The eighth annual State of the Luxury Market in Africa 2025 report showed these items were increasingly valued for their resale potential and portability, while the second-hand market expanded three times faster than the first-hand market, growing at an annual rate of ten percent.
“This suggested a calculated flight to safety,” said Michael Zahariev, co-founder of Luxity.
“It indicated that South Africans were increasingly treating designer pieces like financial instruments, portable assets with global liquidity that could outperform traditional markets.”
Rolex broke new ground, with pre-owned pieces commanding 126.5% of retail price, up from 104.9% in 2024 and 82.6% in 2022.
“This 26.5 percent premium reflected buyers paying for immediate access and bypassing multi-year waitlists,” said Zahariev.

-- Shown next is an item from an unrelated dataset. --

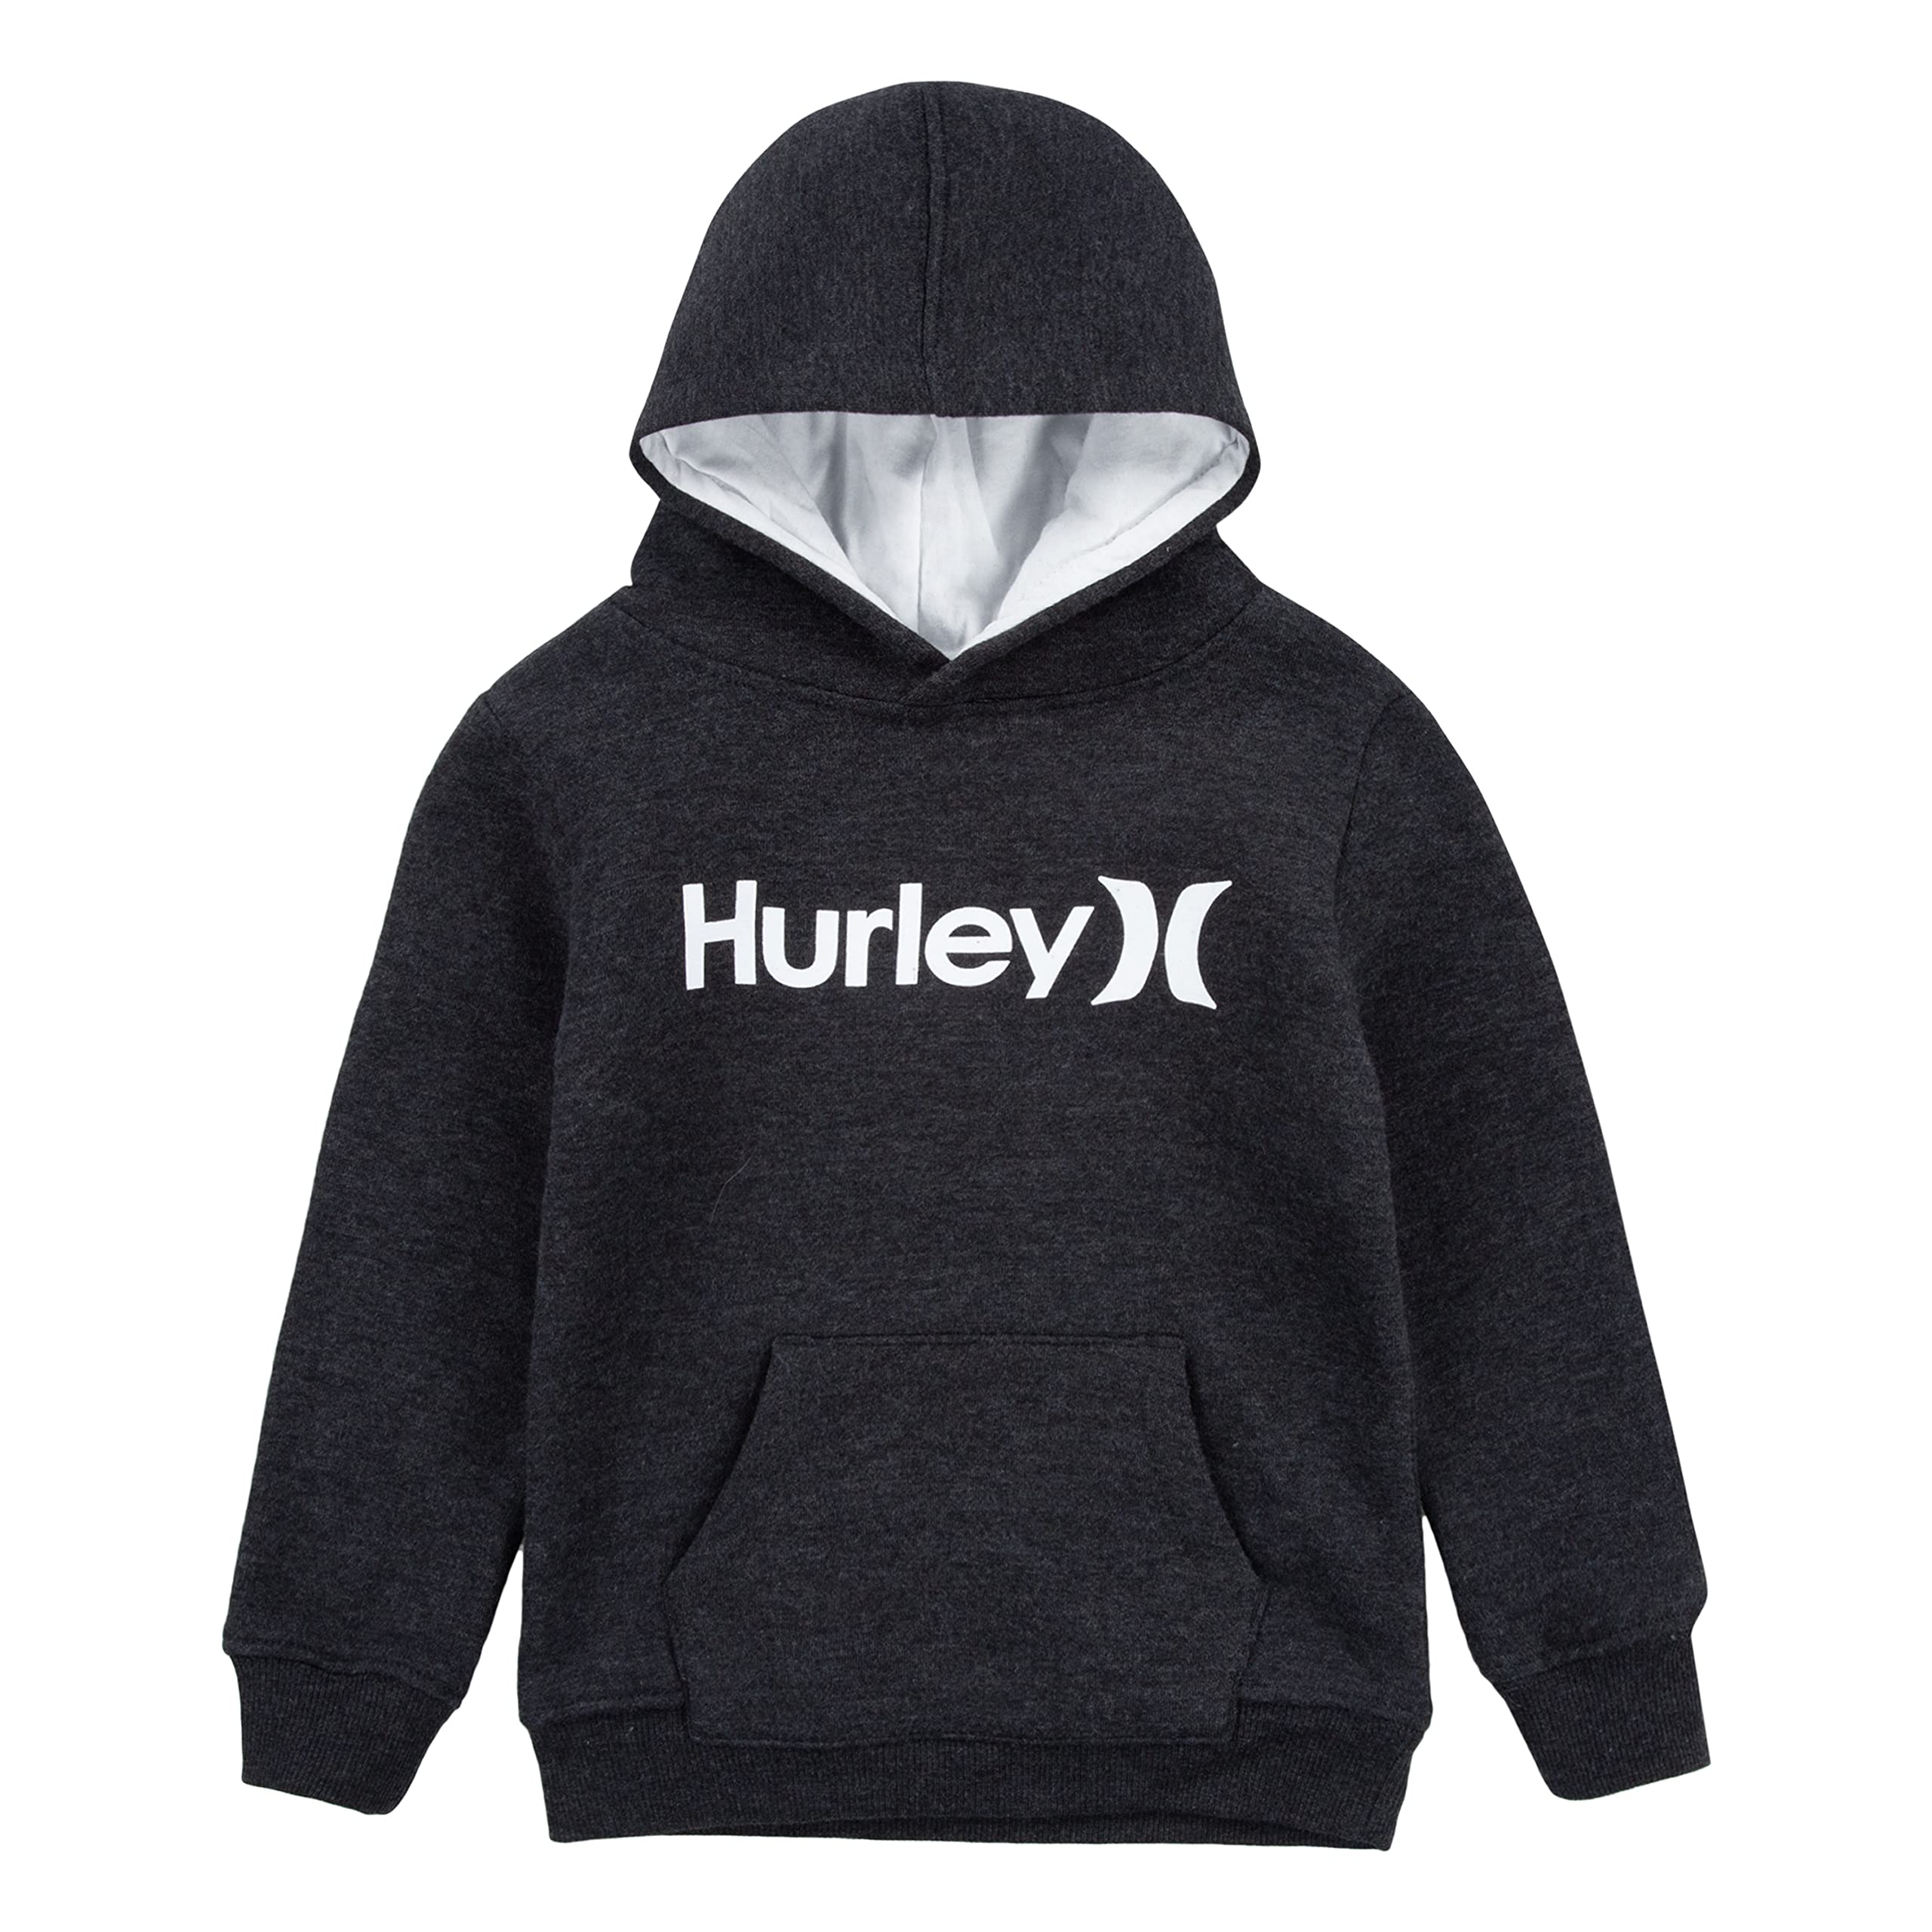 Hurley Boys' One & Only Pullover Hoodie (Black Heather; Various Sizes) $14 + Free Shipping w/ Prime or Orders $25+
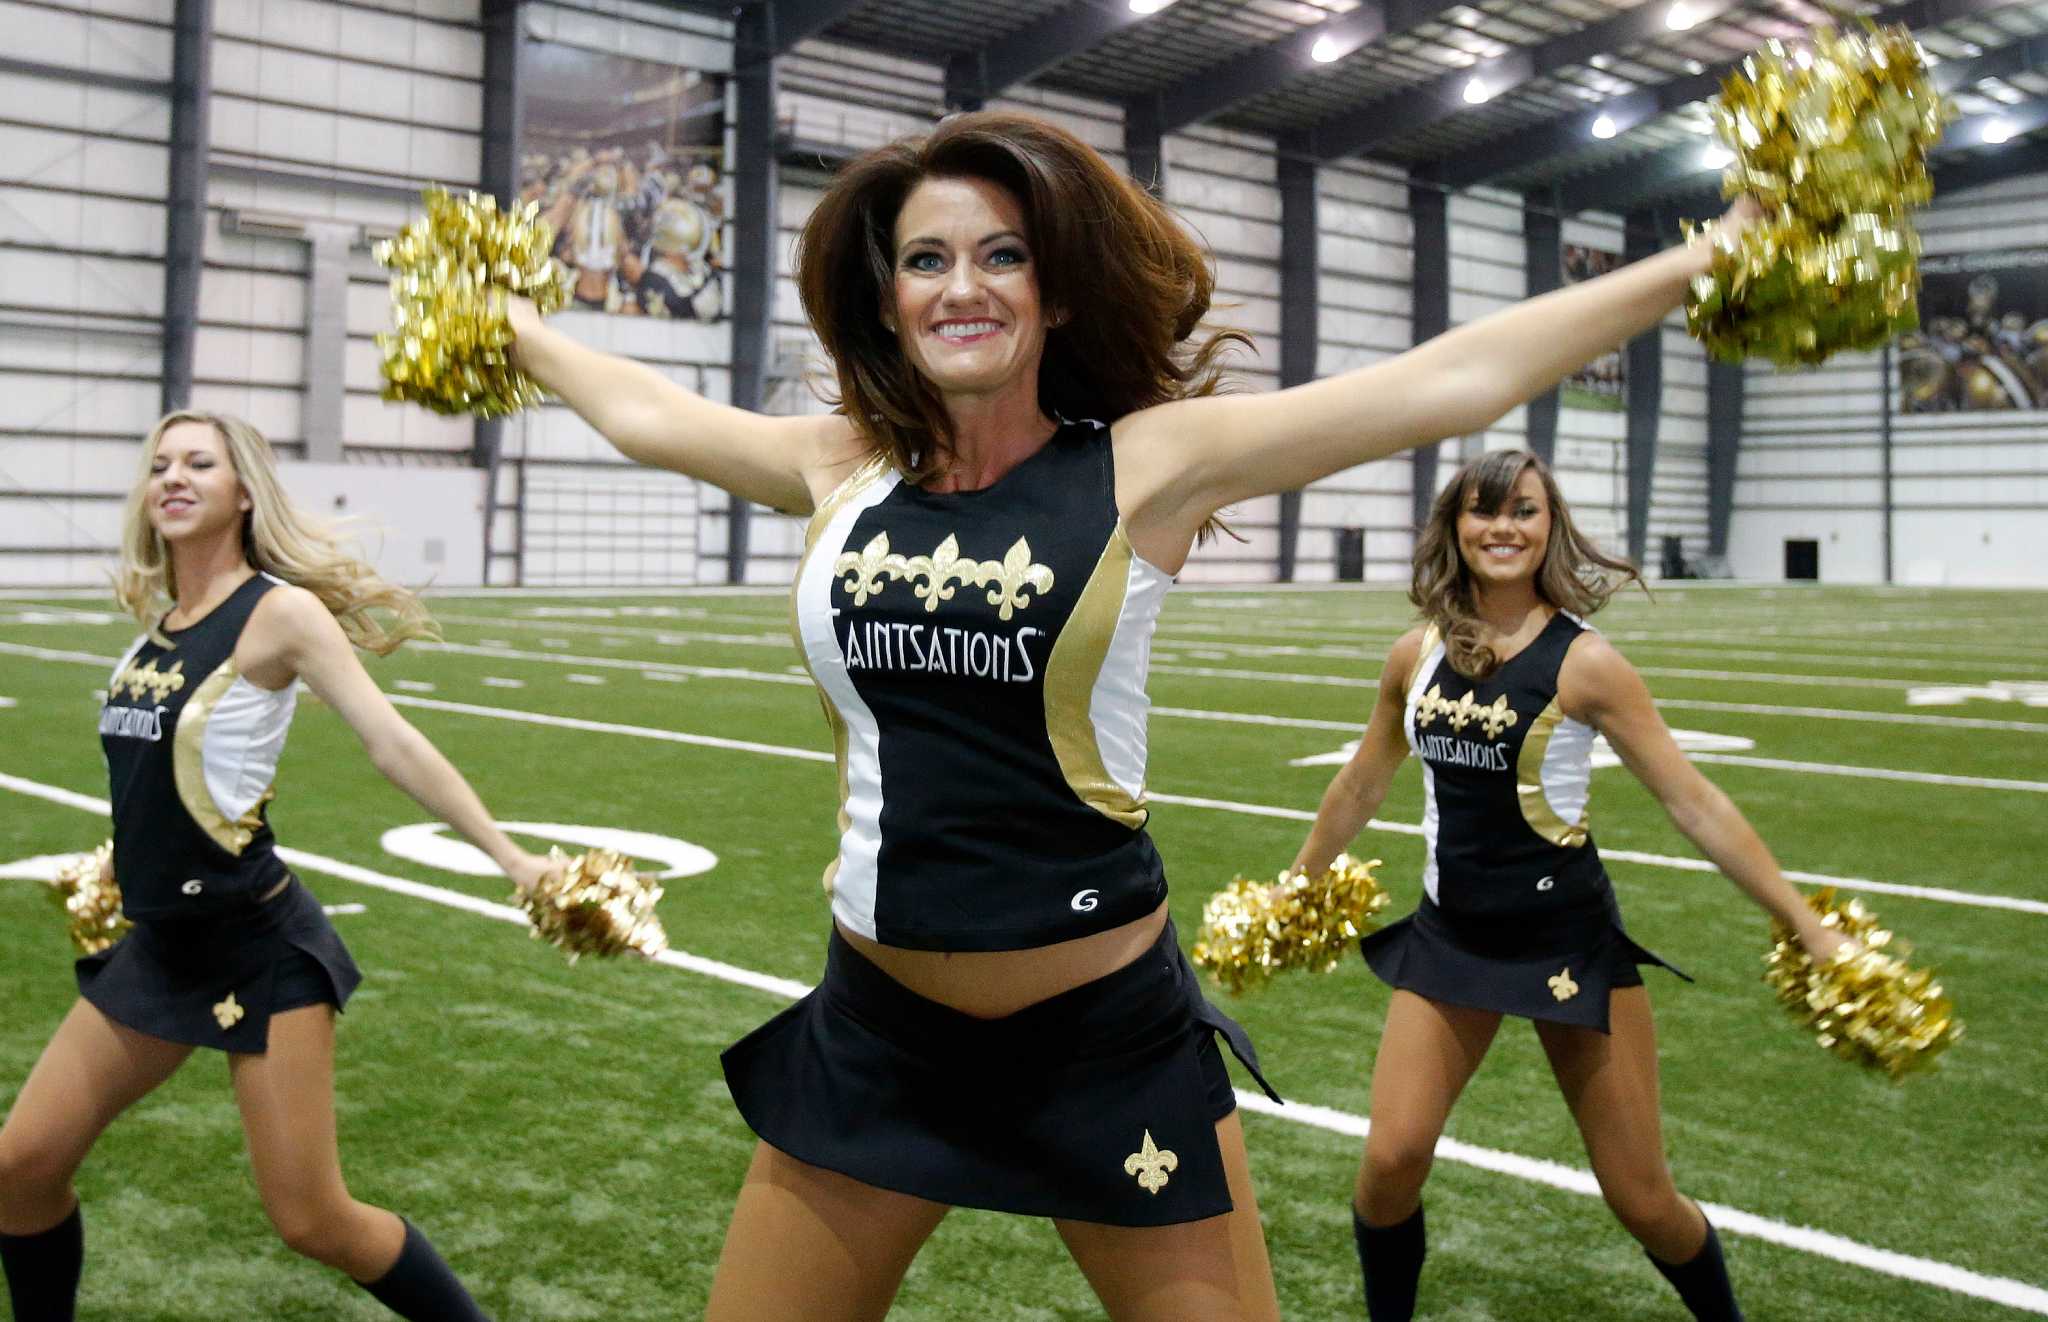 Dance instructor wins competition for spot on New Orleans Saints' squa...

“Rolex effectively created its own asset class through strict control over supply and global demand, completely inverting normal depreciation curves. As long as these fundamentals held, this was not a bubble, it was a new pricing floor.”
The brand’s decades-long performance and sophisticated resale infrastructure made it uniquely resilient, less exposed to economic cycles than traditional investments, yet capable of delivering comparable or superior returns. Other luxury watches such as Panerai and Hublot also maintained value, retaining 79.2 percent and 74.3 percent of their retail prices respectively.
High-end jewellery continued to offer defensive investment value. Cartier retained 72.6 percent of its retail value, Hermès 67.8 percent, and Bulgari 64.3 percent. Handbags strengthened their investment credentials, with demand rising 14.6 percent as buyers increasingly prioritised resale potential over runway appeal. Together, these assets formed a value floor, serving as a buffer against downside risk when broader markets softened.
Not all luxury goods delivered investment-grade returns. Searches for designer shoes fell 10.2 percent, while wallets dropped 21.3 percent year-on-year, reflecting a clear shift in consumer focus towards assets with long-term appreciation potential.
South African shoppers prioritised brands with proven value retention. Searches for Louis Vuitton and Gucci fell from 29.6 percent to 21.5 percent, while less mainstream hard-luxury brands such as Bulgari gained 8.6 percentage points. Buyers targeted scarcity, durability, and resale potential — qualities that often outweighed brand popularity.
“These were no longer vanity purchases,” Zahariev said. “Buyers ran the same due diligence on a Cartier bracelet or Chanel handbag as they would on a JSE-listed stock, and in some cases, the bracelet outperformed the stock.”
The report confirmed that high-end watches, jewellery, and designer handbags had become a strategic alternative asset class in South Africa, providing investors with resilience, liquidity, and value retention during uncertain economic conditions.